Mornings: Damage Control
When I took the job of designing a cooking school for American gastrotourists (i.e., foodies) at the Tuscan villa of world-famous Chef Claudio Orlandini, I was offered more money than I had yet seen in this line of design work — plus a once-in-a-lifetime opportunity to gush over Chef himself, who had been my culinary crush and hero when I got my professional chef’s training at the Culinary Institute of New York. I had never met him, mind you. After all, how often do we get to meet legends?

When I arrived at the Villa Orlandini, a five-hundred-year-old former convent set on a hillside outside the city walls of Cortona, Italy, a few lovely things happened. Most of them were named Pete Orlandini, Chef’s forty-year old son. But I am a professional, and I was already viewing this job as the kind of early-career masterpiece that would rocket me, Jersey girl Nell Valenti, into the culinary stratosphere. This, I learned quickly, was the kind of nonsense that would only land me in greater trouble than I’d already seen on Day One at the villa.

We don’t even want to go into things like the resident porcupine, the crumbling fountain (which turned out to be the next-to-final resting place of a murder victim) the villa’s general decrepitude, and pesky facts like my former crush/hero appeared to have forsaken his culinary life’s work in favor of full-time bocce. Worst of all, upon my arrival I learned that the Orlandinis had gone right ahead and scheduled a fancy dinner party the next day to celebrate the launch of the new cooking school. Far be it from me to play wet kitchen towel on these matters, but I did have to point out that the cooking school did not yet exist. A minor issue, apparently, to the impetuous Orlandinis. Somehow I’d have to make the villa presentable to local dignitaries such as a Roman socialite, a well-known food critic, and the Cortona equivalent of a chamber of commerce guy. You say this would be a bad time for a team of Netflix documentary filmmakers to turn up to film the “launch?” Yes, it would. And they did.

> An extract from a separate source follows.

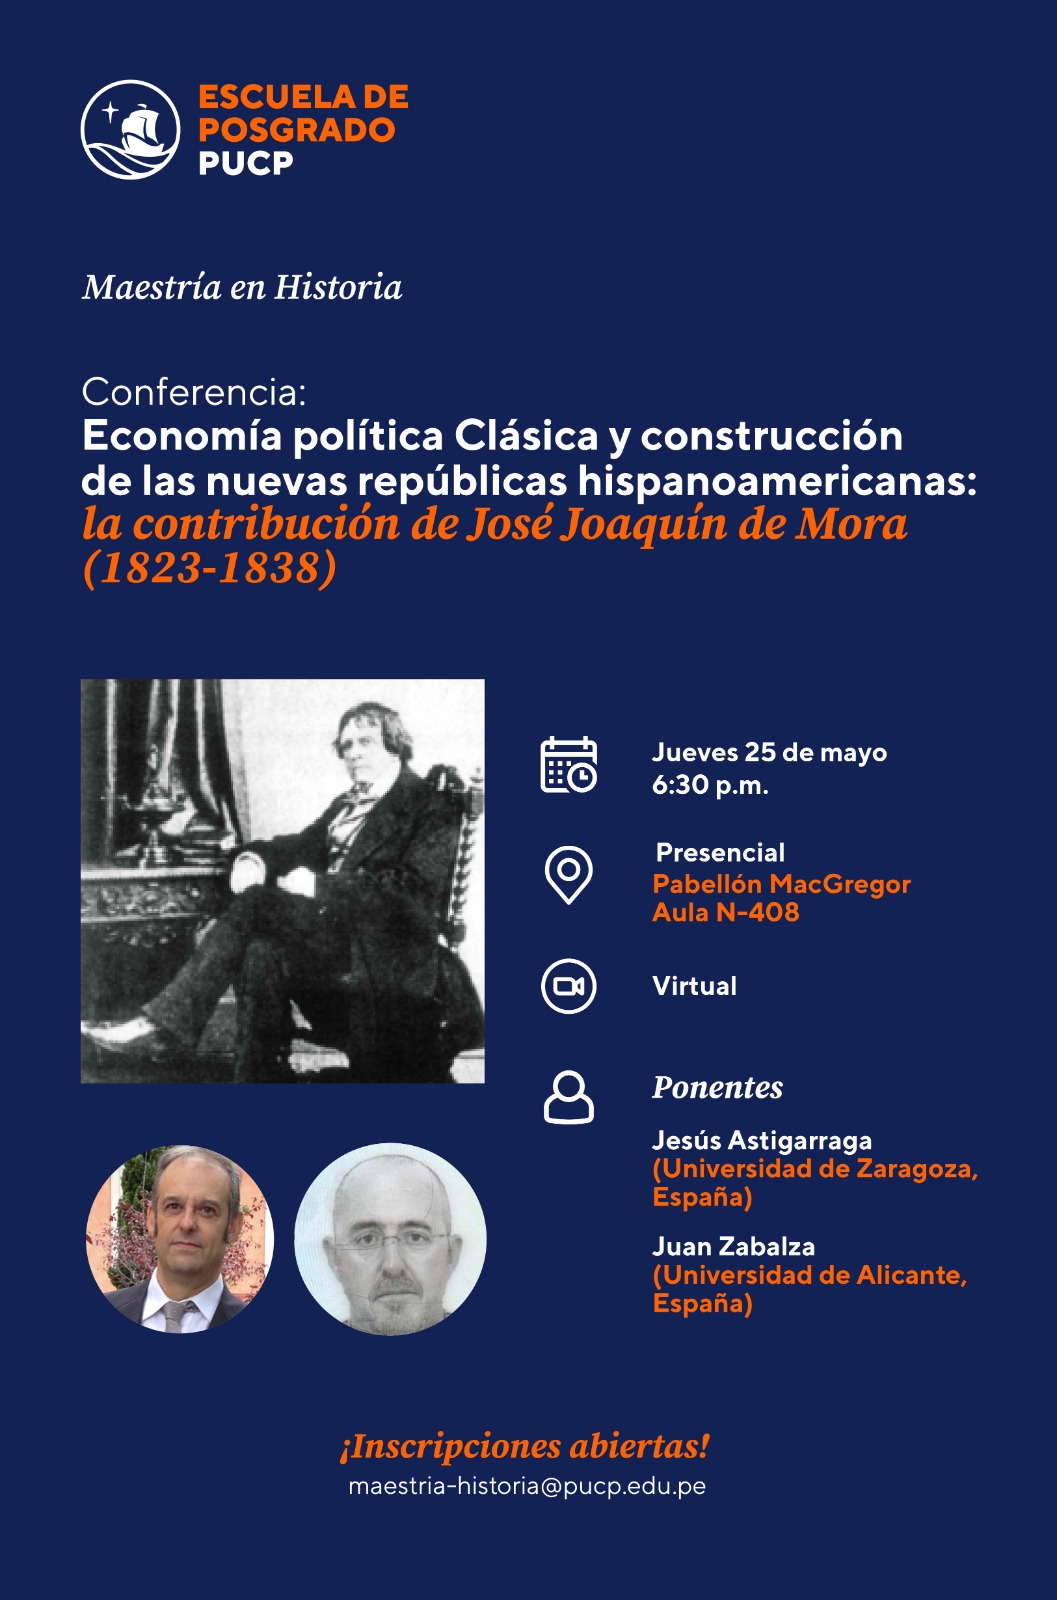 Conferencia | Economía política Clásica y construcción de las nuevas repúblicas hispanoamericanas
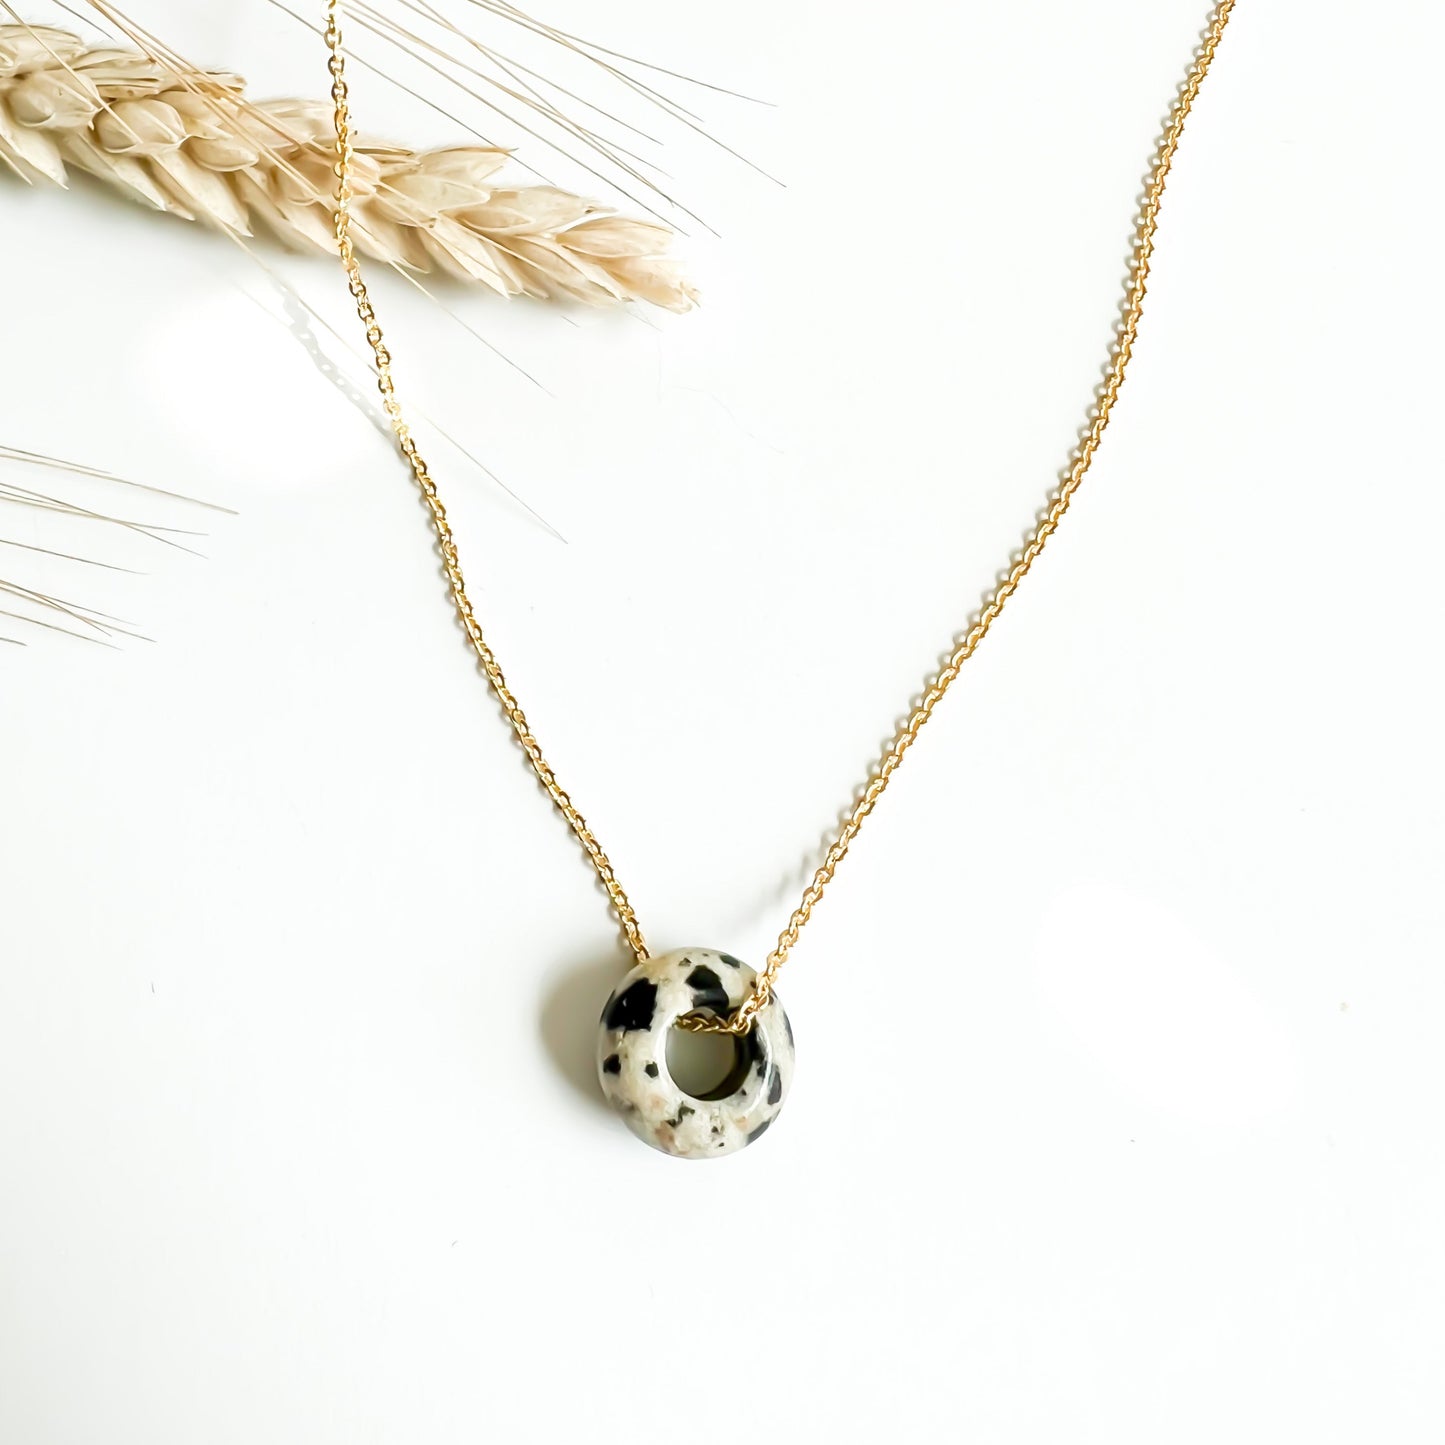 The Solo Necklace in Dalmatian Jasper

So, mornings I usually spend immersed in damage control. A sample list from that first day: relocate porcupine; encourage Chef to wear false teeth, shower after bocce match, and pour on the (dimly remembered) charm.

Afternoons: Piling up Sandbags
When what you’re looking at is Doom Minus Six Hours, you get ruthlessly practical. Instead of wringing my hands over a long damp wall inside the villa’s common room, I discussed with the irresistible Pete the most effective ways to deal with the moss growing there. The quickest solution, which gained some traction, was to turn down the lights and stick evergreen diffusers all over the place, but in the end we decided to enlist the help of some local charitable nuns to scour the vertical moss farm with bleach.

To address the problems of tattered upholstery and tables with wobbly legs, Pete performed a one-phone-call gambit, renting a whole roomful of pricey designer furniture from Cassina’s in Florence. In came the stylish and new, out went the dilapidated and old. Some palm-greasing of Cassina van drivers was involved. Annamaria Bari, Chef’s sixty-year old sous chef, widened her flashing dark eyes at the changes in the common room, and wordlessly handed me a double espresso. We became friends.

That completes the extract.